Detect Text in Images with Python - pytesseract vs. easyocr vs keras

Introduction

In this article, we will explore how to extract text from images using Python. There are several libraries available for text extraction, but we will focus on comparing three popular ones: pytesseract, easyocr, and keras_ocr. To demonstrate the capabilities of these libraries, we will use a dataset called Text OCR, which contains over a million annotations of text in images. This dataset is perfect for testing the performance of these libraries.

Overview of the Dataset

The Text OCR dataset consists of numerous images annotated with the text they contain. The dataset is organized into training and validation folders and includes several CSV and Parquet files that contain annotations, as well as metadata for each image. Each annotation includes a unique ID, associated image ID, bounding boxes for words, and the text itself.
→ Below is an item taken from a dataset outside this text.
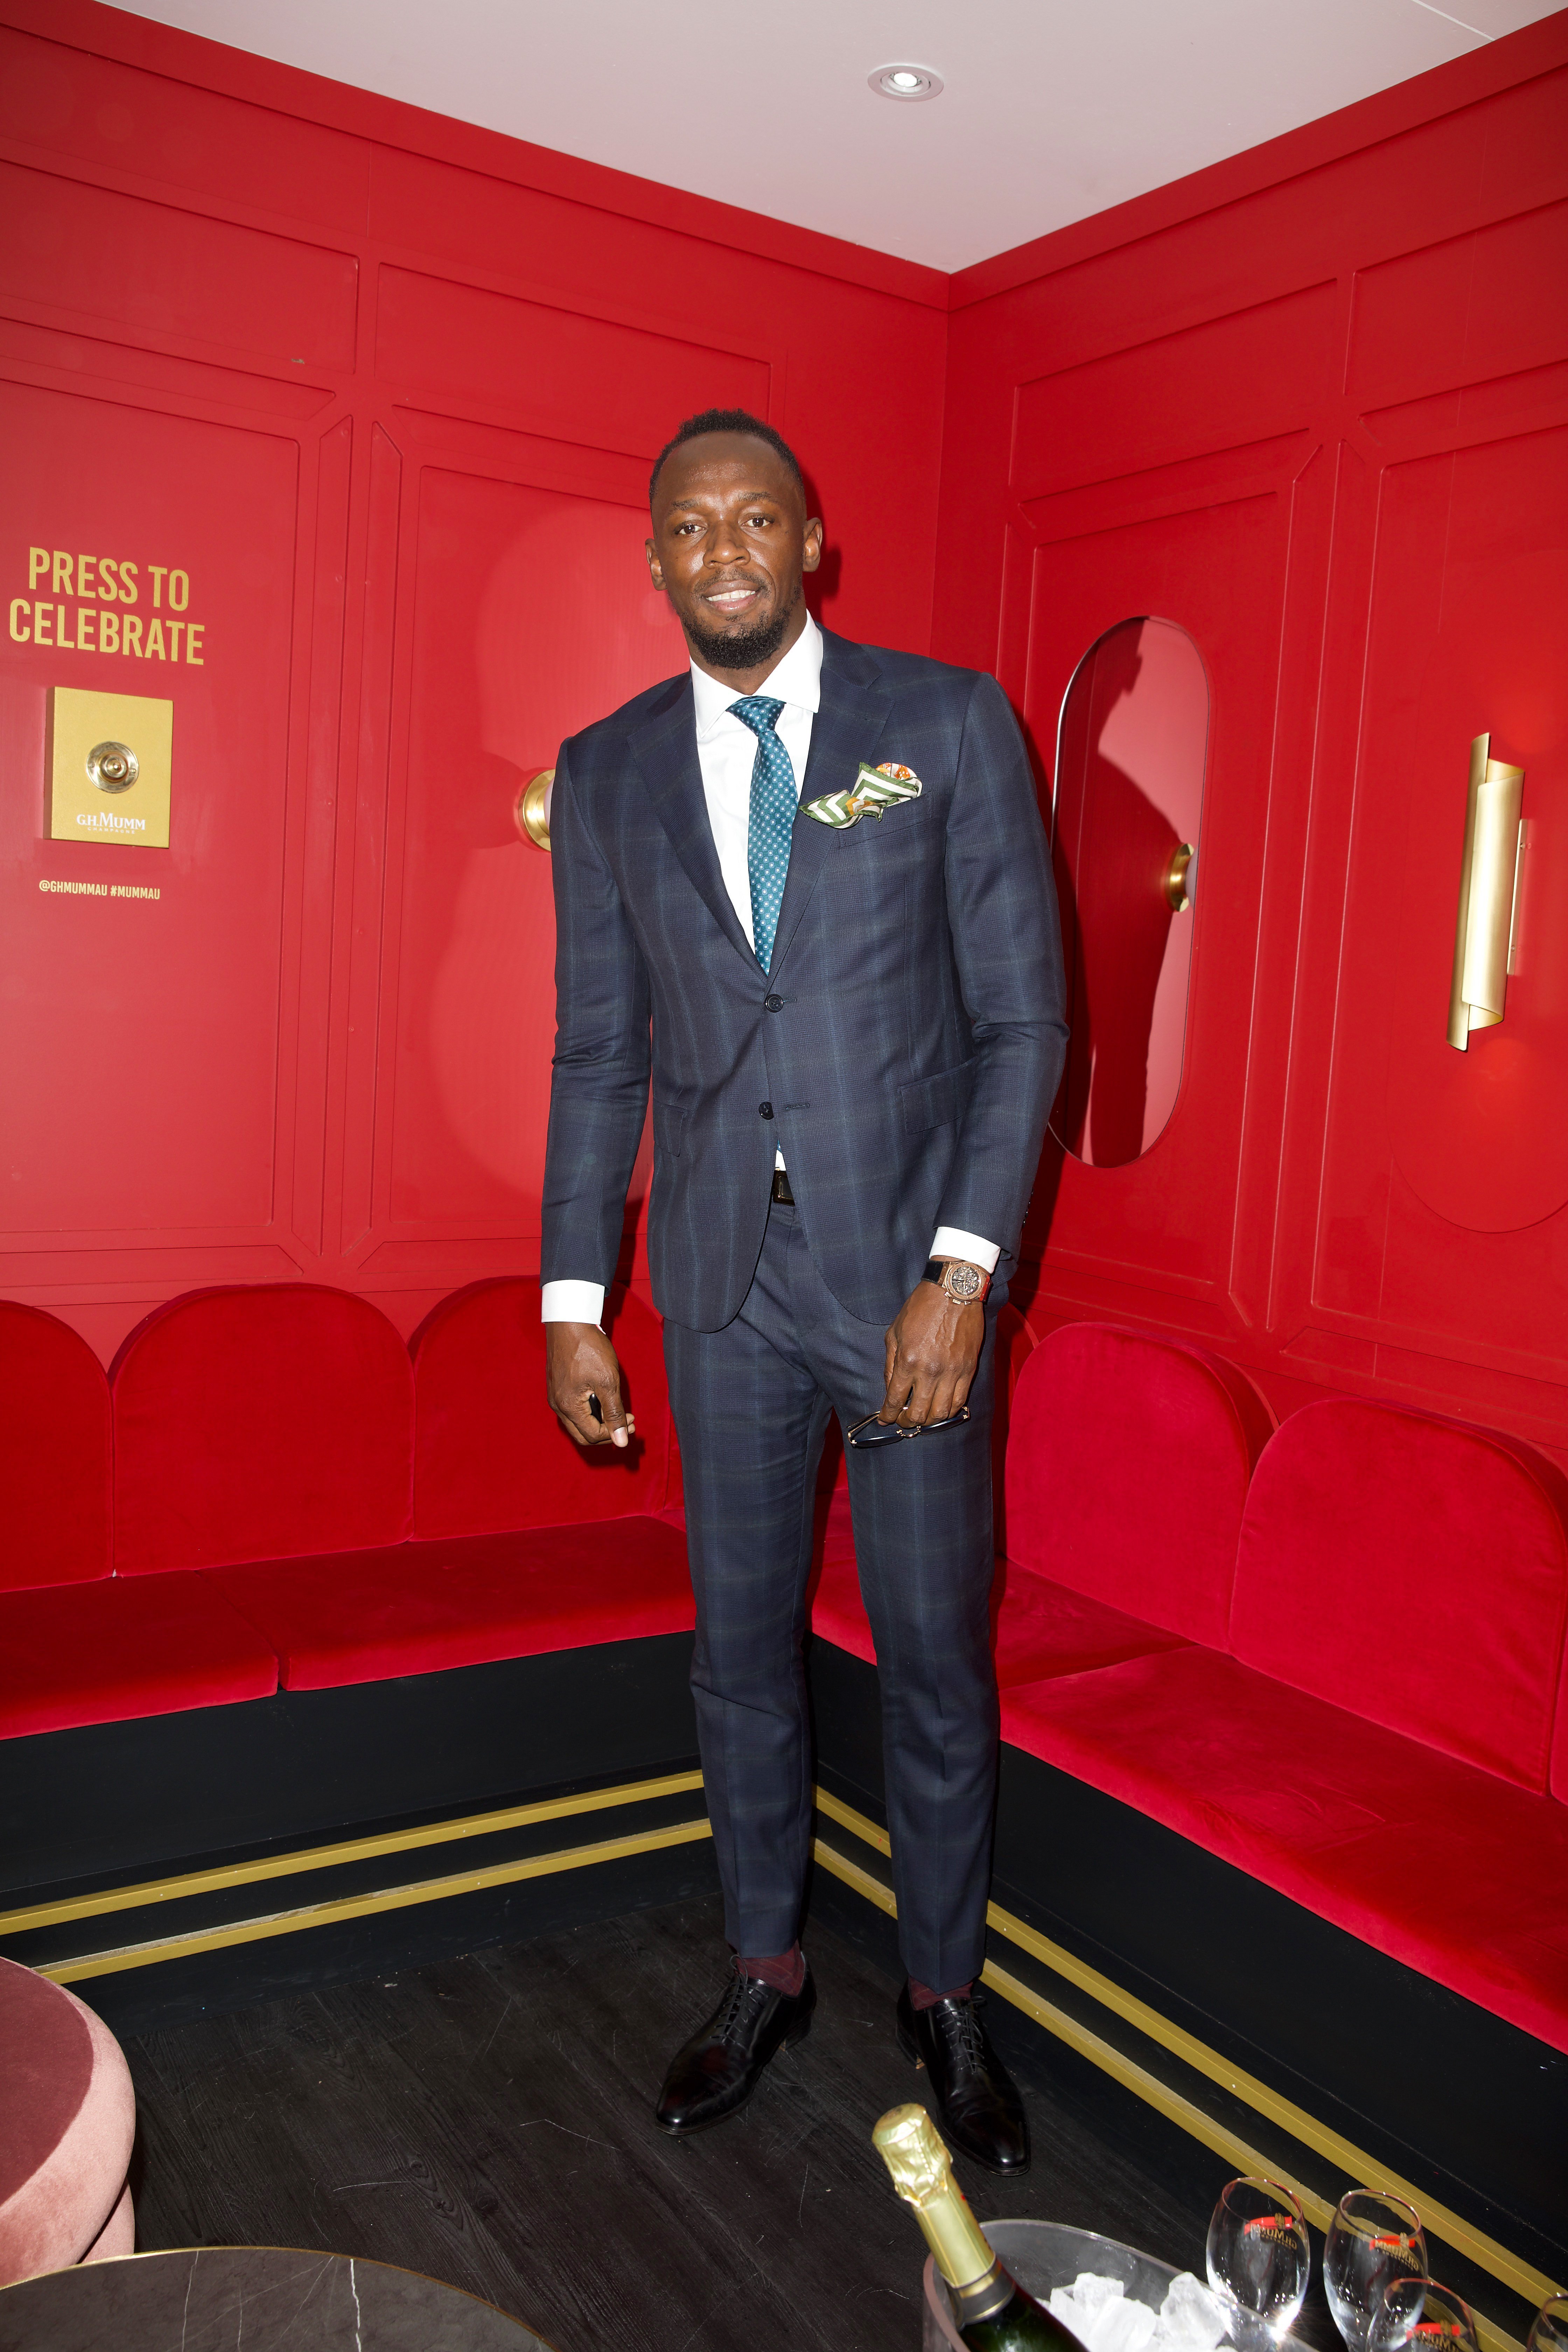 Usain Bolt at the Mumm marquee on Melbourne Cup Day at Flemington Racecourse on Nov. 05, 2019 in Australia | Photo: Getty Images

Setting Up the Environment

For our experiments, we'll work within a Kaggle notebook, where we can leverage its built-in support for Python libraries. We will be importing essential libraries such as:

import pandas as pd
import numpy as np
import glob
from tqdm import tqdm
import matplotlib.pyplot as plt
from PIL import Image

We'll read in the Parquet files containing annotations and image metadata, and use glob to retrieve the paths for the image files.

Data Exploration

Before diving into text extraction, we need to visualize some of the images in the dataset along with their annotations. This helps us understand what kind of images and text we are working with.

Text Extraction Methods

1. pytesseract

The first method we will explore is pytesseract, a Python wrapper for Google's Tesseract-OCR Engine. Although pytesseract is widely used for document text extraction, it may not perform as well on diverse image types typically found in datasets like Text OCR.

To use pytesseract, we can invoke the following command:

import pytesseract

text = pytesseract.image_to_string(image_file_name, lang='eng')
print(text)

After running this on an example image, we will analyze the output but note that the results may not be optimal.

2. easyocr

Next, we will test easyocr, which relies on deep learning models for text detection. It's slightly slower but often yields better results than traditional methods like pytesseract.

To use easyocr, we create a reader object and invoke the read_text method:

import easyocr

reader = easyocr.Reader(['en'])
results = reader.readtext(image_file_name)

The output includes the detected text, bounding boxes, and confidence scores.

3. keras_ocr

The final library we will compare is keras_ocr, which combines a detector and recognizer under a unified pipeline. While keras_ocr is not pre-installed in Kaggle, we can easily install it using pip:

!pip install keras-ocr

Then we can run the text extraction as follows:

import keras_ocr

pipeline = keras_ocr.pipeline.Pipeline()
results = pipeline.recognize([image_file_name])

Comparing Results

Having extracted text from images using all three methods, we will compare their performance. We will focus on key aspects such as accuracy, detection of bounding boxes, and any missing annotations.

Visualization

To visualize the results, we can use built-in tools from keras_ocr to draw annotations directly onto the images, allowing us to clearly see how well each library performed.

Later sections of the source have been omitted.